Мама и папа говорили, что это оттого, что он сует в рот что попало. И он понимал, что родители правы, но уж очень любил пробовать на язык незнакомые предметы. Перекатывать их во рту было почти так же приятно, как и стрелять из рогатки. Не совсем так, конечно, но почти.
– Привет, Билли!
Он наклонился, чтобы погладить маленького кокер-спаниеля, которого встречал на улице каждый день. Собака радостно подпрыгнула и ткнулась носом ему в лицо. Почесав у Билли за ушами, мальчик поблагодарил его хозяйку, как делал это всегда, и продолжил свой путь к поляне в лесу.
Благодарить – это важно. Мама повторяет это, пожалуй, слишком часто, но ведь он так легко все забывает…
На поляне он запустил руку за большой пень. Бутылки были на месте. Иногда их там не оказывалось, и это очень его огорчало. Но он не мог хранить их у себя в комнате, поэтому не оставалось ничего другого, как только надеяться на лучшее.
Мальчик аккуратно расставил бутылки на пне – по три в ряд, на одинаковом расстоянии. Отошел на пятьдесят шагов – до места, которое сам отметил. Здесь была глина; хорошо, что мальчик взял с собой резиновые сапоги. Очень важно на каждой тренировке стрелять с одного и того же расстояния, иначе как сравнивать результаты?
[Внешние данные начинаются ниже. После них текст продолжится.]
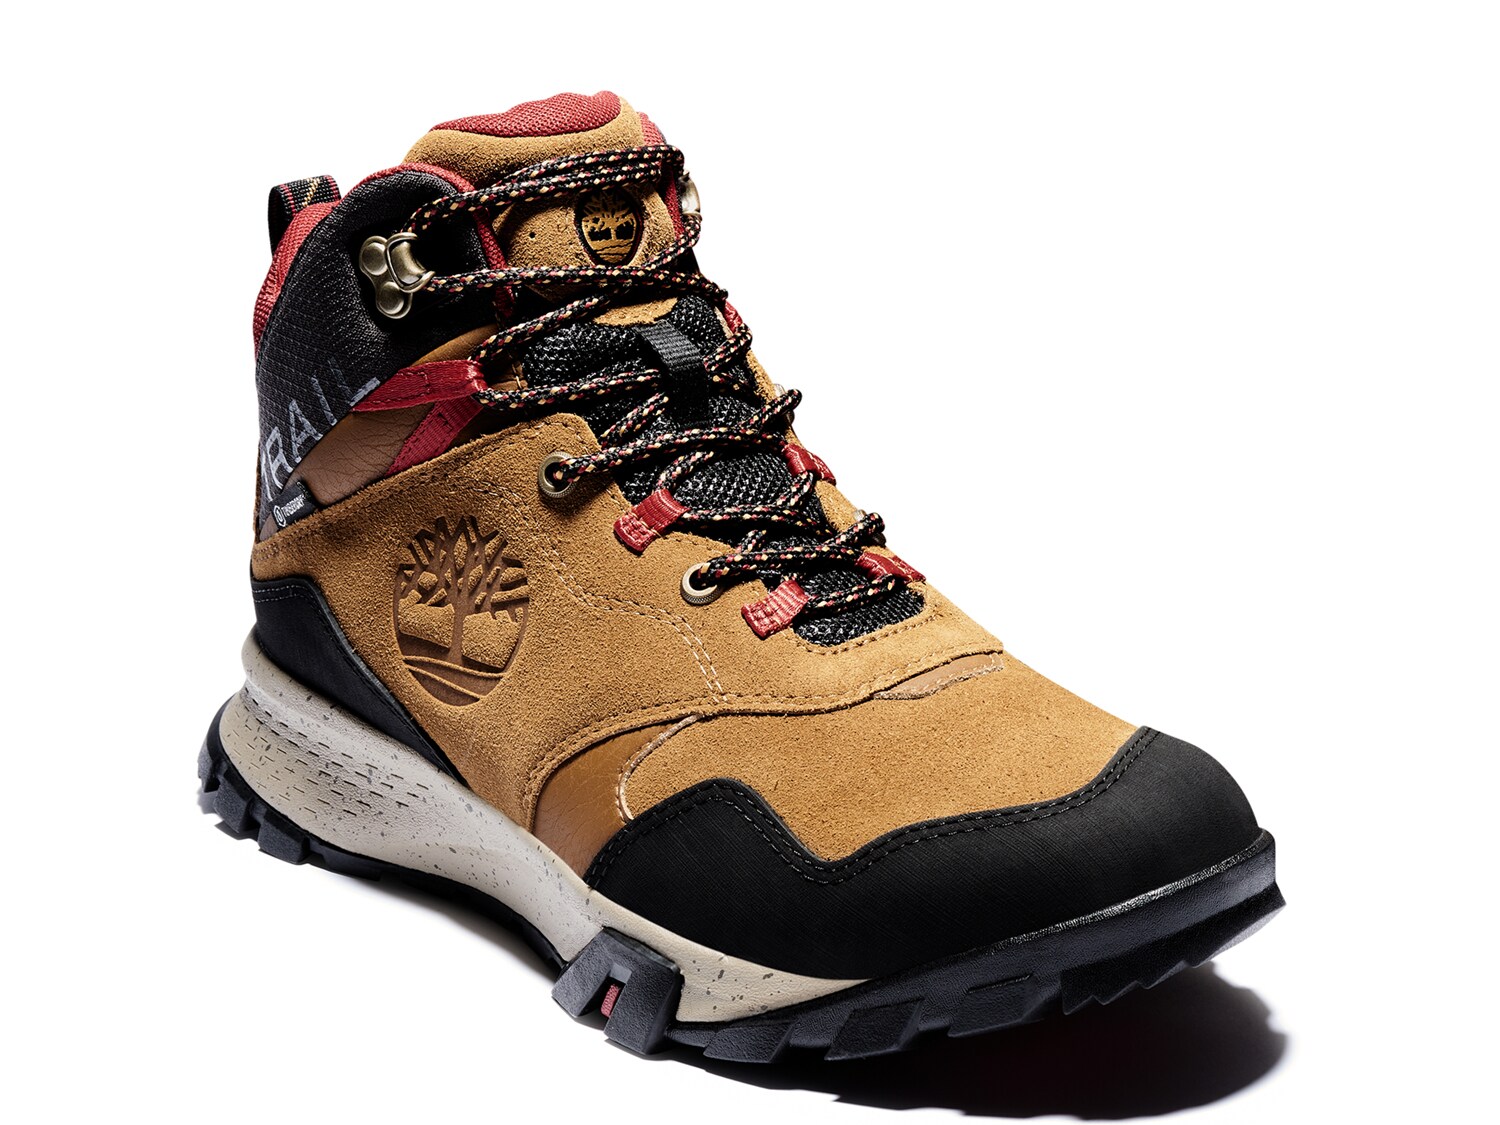 mens timberland boots dsw

Камушки он выбирал тщательно. Мог часами лежать на гравийной дорожке перед домом в поисках того, что нужно. Некоторые, конечно, тут же совал в рот. Ему нравилось сосать камушки, трогать их языком. И те, которые он взял сегодня, были лучшие. Мальчик взвесил камушки на ладони. Выбрал один – блестки так и переливались на солнце. Вытащил рогатку из заднего кармана брюк. Хорошая рогатка, тоже любимая. Древко блестит от долгого использования, как отполированное, и идеально ложится в руку. Мальчик обхватил рогатку ладонью. Теперь он с ней единое целое. Осторожно вложил камушек в резинку, прищурил один глаз и… отпустил. Камушек попал прямо в середину этикетки, и бутылка опрокинулась назад.
– Браво! Отлично!
Мальчик подпрыгнул от неожиданности. Он и не заметил, что за ним кто-то наблюдает. В общем, он ничего не имел против публики. Стрелять вдвойне приятно, если это доставляет кому-то удовольствие.
– А сейчас я попаду в пробку… – Он вложил в резинку следующий камушек. – Вот, смотрите…
Мальчик прищурился еще раз, прицелился… Есть! Камушек ударил прямо в светло-зеленую пробку. Бутылка закачалась и повалилась на бок.
– Вау! Да ты стрелок!
Мальчик любил, когда ему аплодировали. Это вызывало у него приятную дрожь во всем теле. Он взял третий камушек, быстро прицелился и выстрелил. Мальчик хотел в полной мере продемонстрировать свое искусство, прежде чем зритель уйдет, – обычно они не задерживались надолго. И третья бутылка упала так же красиво, как и первые две.
– Ну, знаешь, это заслуживает приза. Ты же будущий чемпион мира! Пойдем, моя машина тут недалеко. Думаю, там отыщется приз, который тебе понравится…
По телу разлилось тепло, словно от большой радости. Мальчик любил призы, хотя в жизни не получил ни одного. Люди почему-то считали, что таким, как он, призы не полагаются.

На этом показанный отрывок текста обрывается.